Added fuel enrichment under conditions of low manifold vac tuned by the vac rating of the power valve. If you are going to be playing with a 6x2 you will need to have a good understanding of carb function as that setup is not a bolt on set it and forget it kind of thing. That's why so many are running around dummied up.
I would remove the vacuum advance and try running straight timing and see what that does.. If it cleans it up try working from there.. Maybe more initial with less advance or just run straight timing. I've done that on street engines for hundreds of thousands of miles... When I get into carbs plural, the vacuum advance is usually the first thing to go..

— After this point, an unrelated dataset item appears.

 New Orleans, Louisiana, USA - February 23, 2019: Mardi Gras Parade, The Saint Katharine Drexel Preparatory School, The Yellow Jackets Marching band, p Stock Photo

Stock 94 jets are 51. Putting power valves back in an engine that has a backfire condition is making more work for you. 2X^ double check those power valve block offs, sounds like one may be leaking vacuum causing the backfire. I would change to 50's or 51's and reset the accelerator linkage 2X^. Plus use only two carbs for idle. The other 4 should have the idle screws bottomed out AND the throttle plates adjusted to be fully closed at idle. BUT only make one change at a time...just like on a race car. Small plenum, long ports you can use a lot of carb......big plenum and short ports for racing, use very tiny carbs on the street, 450's or 390's 2x4 or original Holley / Ford 94's. Your mechanical advance needs to be in by 2500 rpm. The vacuum advance is an option if the mechanical is working right.

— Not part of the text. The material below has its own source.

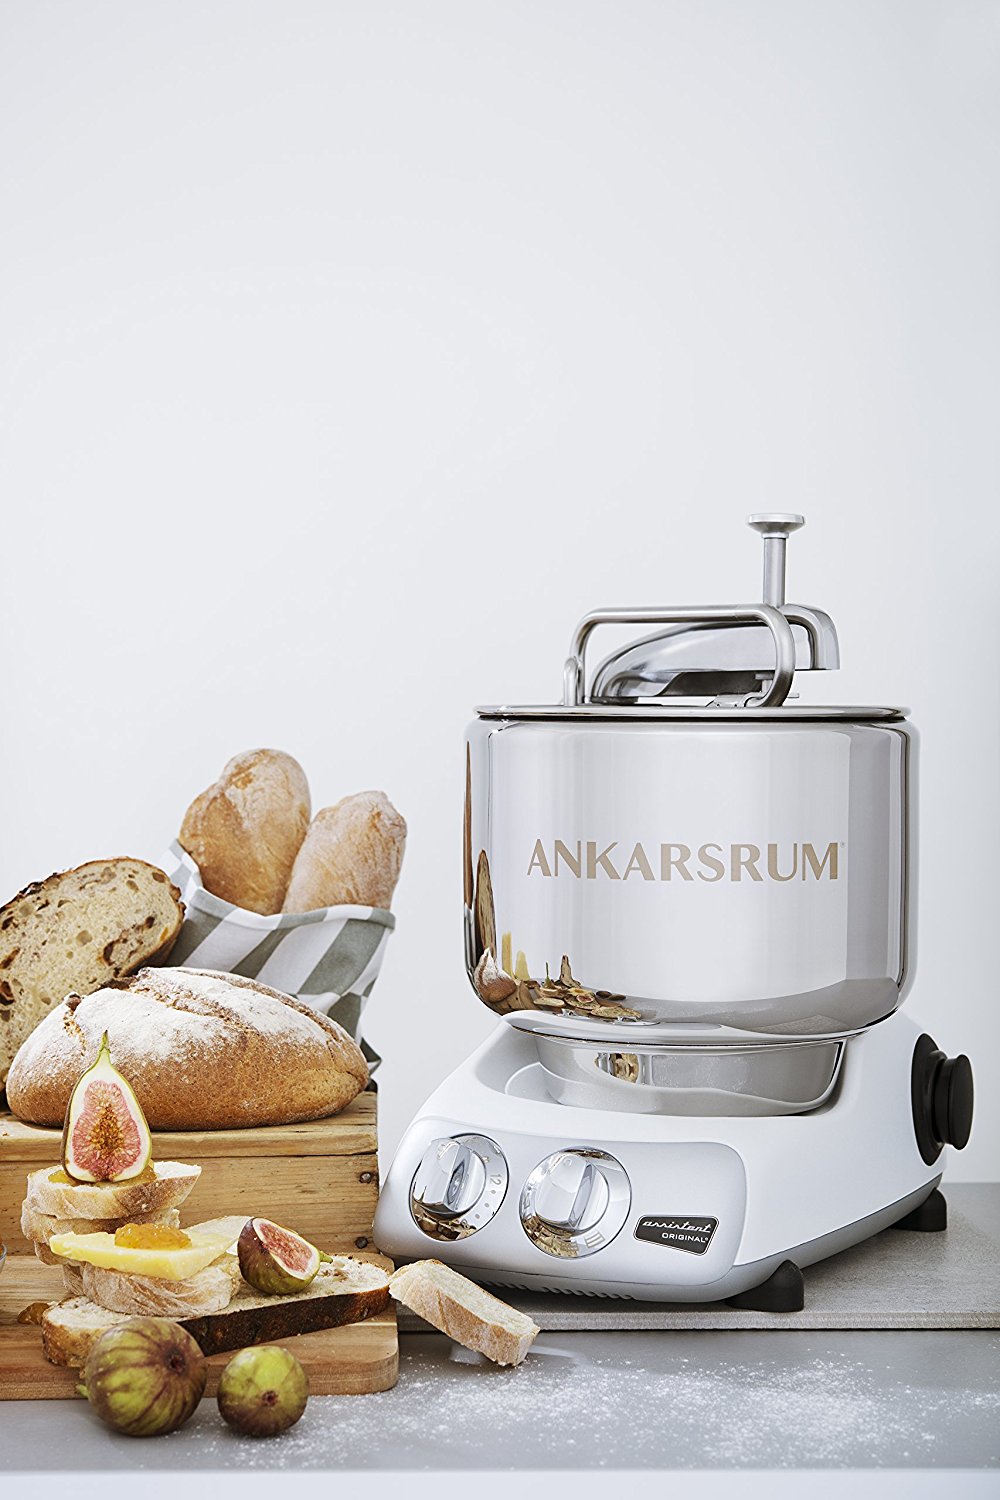 Ankarsrum Original Stand Mixer - Bake from Scratch

it will be easier to tune with more initial timing. crank it up to 30 at idle and try that. if it helps go back ant limit mechanical timing in the distributor.
I run 6x2 straight linkage on my car. 12 initial and 32 all in by 2,500. Mechanical advance. All carbs function as original. Progressive linkage is designed to be used with primary and secondary carburetors ie no idle circuits. Turning in idle screws is not the same as not having an idle circuit. There is nothing easy about running six carbs direct on the street but it can be done and run properly without belching smoke and stumbling.
Initial acceleration with opening all 6 carbs at once is a delicate balancing act. I would suggest you get a uni-sync tool and make sure each carb is p***ing the same amount of air at idle so they are synchronized. That should be your starting point. Motorcycle mechanics synchronize multiple carbs all the time. A friend, and motorcycle guy, cured a poor accelerating Astin Martin by using his uni-sync tool and setting all the webers the same. Flat spots went away.
Would I be better off replacing this distributor with a mechanical advance and get rid of the vac? I'm gonna be putting .50 jets in for starters, I wonder if closing the outer 4 carbs idle circuits off will lean those cylinders out? Thanks alot guys!
Vac. canbe locked up.,if you have distributor that also has mec. advan. built in. If it has no mec advan.,you need one that dose. Vac. adv. with 3 or more carb.s is not a working thing for the most part.
I put size 50 jets in, along with a new coil and distributor. One of my issues might be the vac advance I drilled into the carb, see the pics below, I'm getting fuel in the vac line which might be causing some of my issues?? When I took the car for a spin a little bit ago, I was getting into the throttle and a puff of smoke? was coming out of the carb, it would run decent up until I pushed the gas down, it hesitates and puffs out of the carb
I am not saying if you should, or should not, be using the vac advance. I personally don't. But if you do, you can decide if you want manifold vac or ported vac off the carb. The vac port on the carb is the br*** plug above and to the right of where you drilled the carb. It's 3/8-24 straight thread.